5.3. Comparison Experiment with Similar Algorithms
This paper makes relevant experiments on similar algorithms in literature [26, 27] and compares and investigates them with the algorithms in this paper. Literature [26] selects the audio segment according to the local time domain characteristics of the audio signal and uses DWT and SVD algorithms to construct a zero watermark for the selected audio segment. Reference [27] is a zero-watermarking method based on DWT-DCT-SVD. Compared with the two algorithms, the algorithm in this paper is different in feature extraction and decomposition methods.

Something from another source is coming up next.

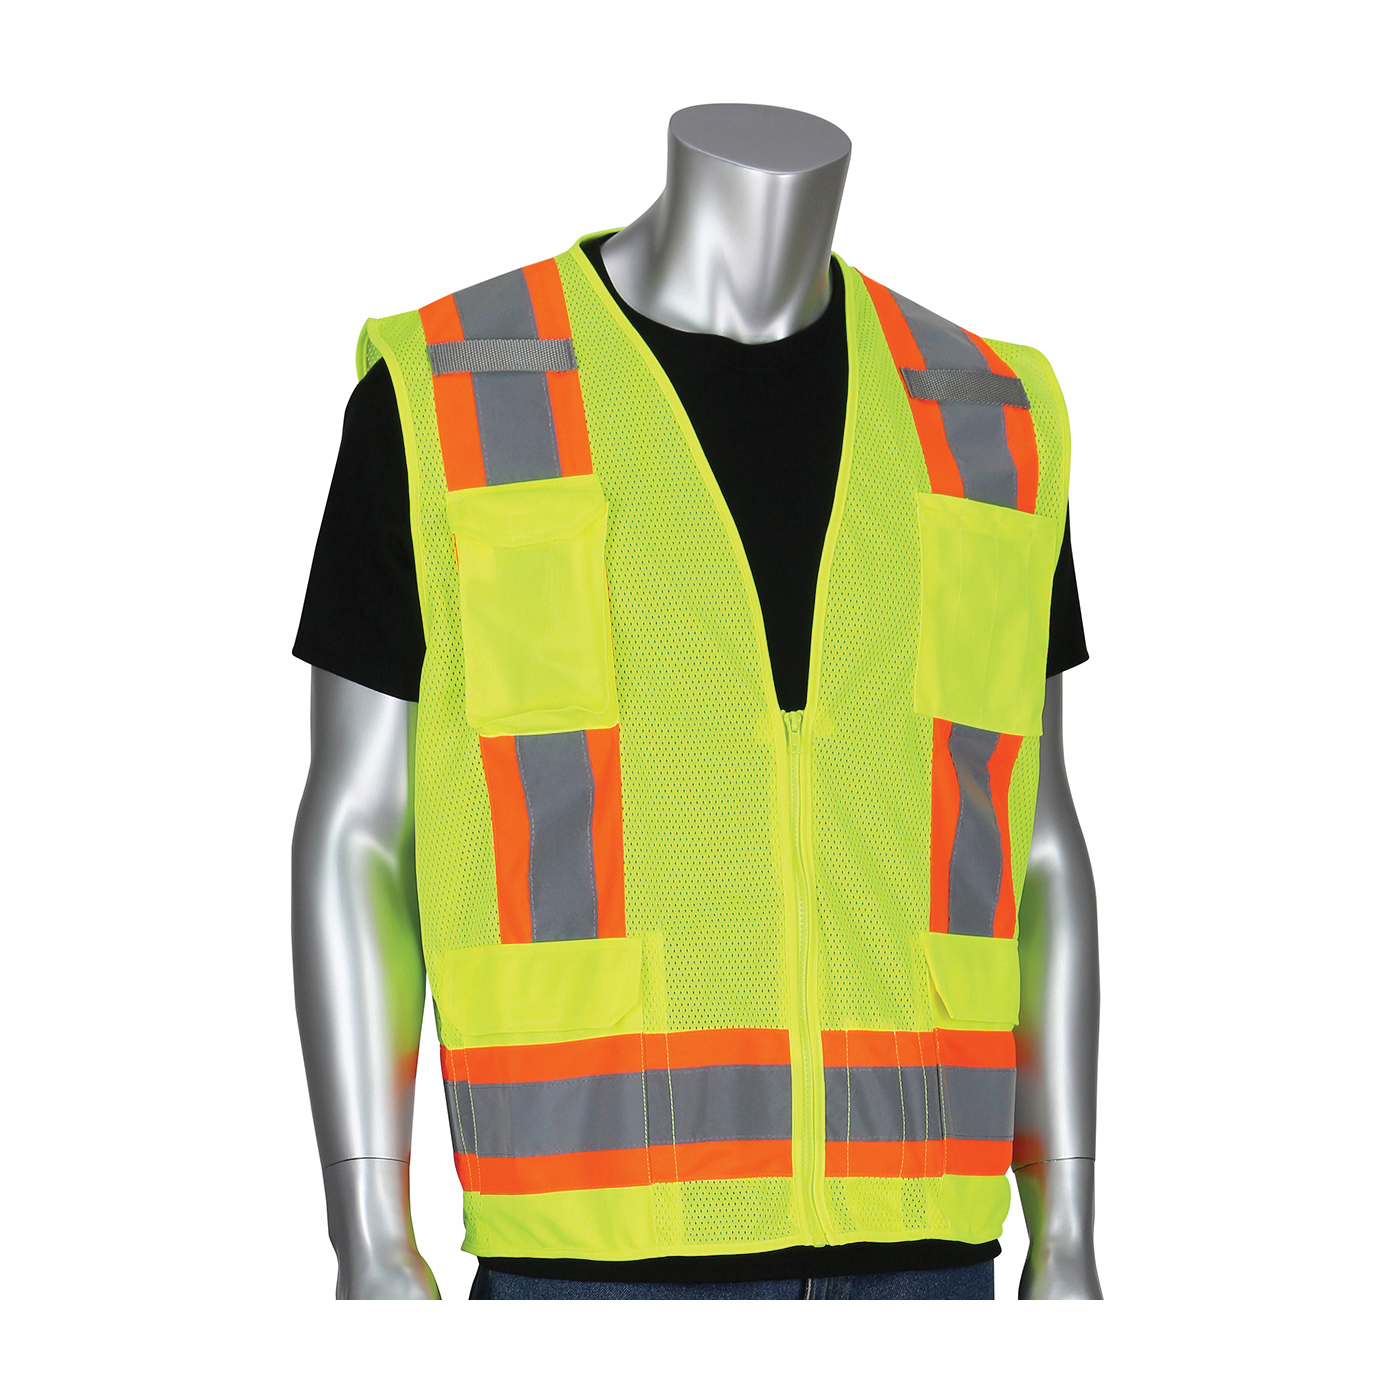 PIP® 302-0500M-LY/XL 2-Tone Surveyor Safety Vest, XL, Hi-Viz Lime Yellow, Polyester, Zipper Closure, 11 Pockets, ANSI Class: Class 2, Specifications Met: ANSI 107 Type R

In the experiment, two different styles of audio signals, classical and pop, are selected as the original audio carrier. They are mono audio signals with the sampling frequency of 44.1 kHz and quantization accuracy of 16 bits; [26, 27] adopt 32 × 32 fixed binary watermark image, and the algorithm in these papers adopts 32 × 32 binary video watermark image generated from video. The attack experimental results of this algorithm and two comparative literature algorithms are shown in Table 3. It clearly shows that the proposed algorithm has excellent robustness against Gaussian noise, weighting, resampling, and low-pass filtering attacks. These attacks are better than the comparison algorithm, and the advantage is more prominent under MP3 compression attack.
6. Conclusion
In this paper, a zero-watermarking algorithm for audio and video matching based on NSCT transform is proposed, which can detect whether the audio and video are mismatched due to tampering attacks, locate the mismatched audio and video segments, and play a role in protecting and identifying digital media information security. The algorithm uses NSCT, DCT, SVD, and Schur decomposition to extract video features and audio features and generate zero watermarking after synthesis. From the experimental results, the algorithm not only has strong robustness to common single-item attacks but also has high antiattack ability to combined attacks. Information security is a subject of constant development and change.
With the advancement of technology, the forms and types of attacks are also changing and improving, further improving antiattack capabilities, anti-new attack capabilities, robustness, and positioning speed and accuracy. It needs continuous research and continuous improvement.
Data Availability
The data used to support the findings of this study are available from the corresponding author upon request.
Conflicts of Interest
The authors declare that they have no conflicts of interest.
Acknowledgments
The research was supported by the Scientific Research Project of National Language Commission (YB135-125) and Key Research and Development Project of Shandong Province (2019GGX101008 and 2016GGX105013).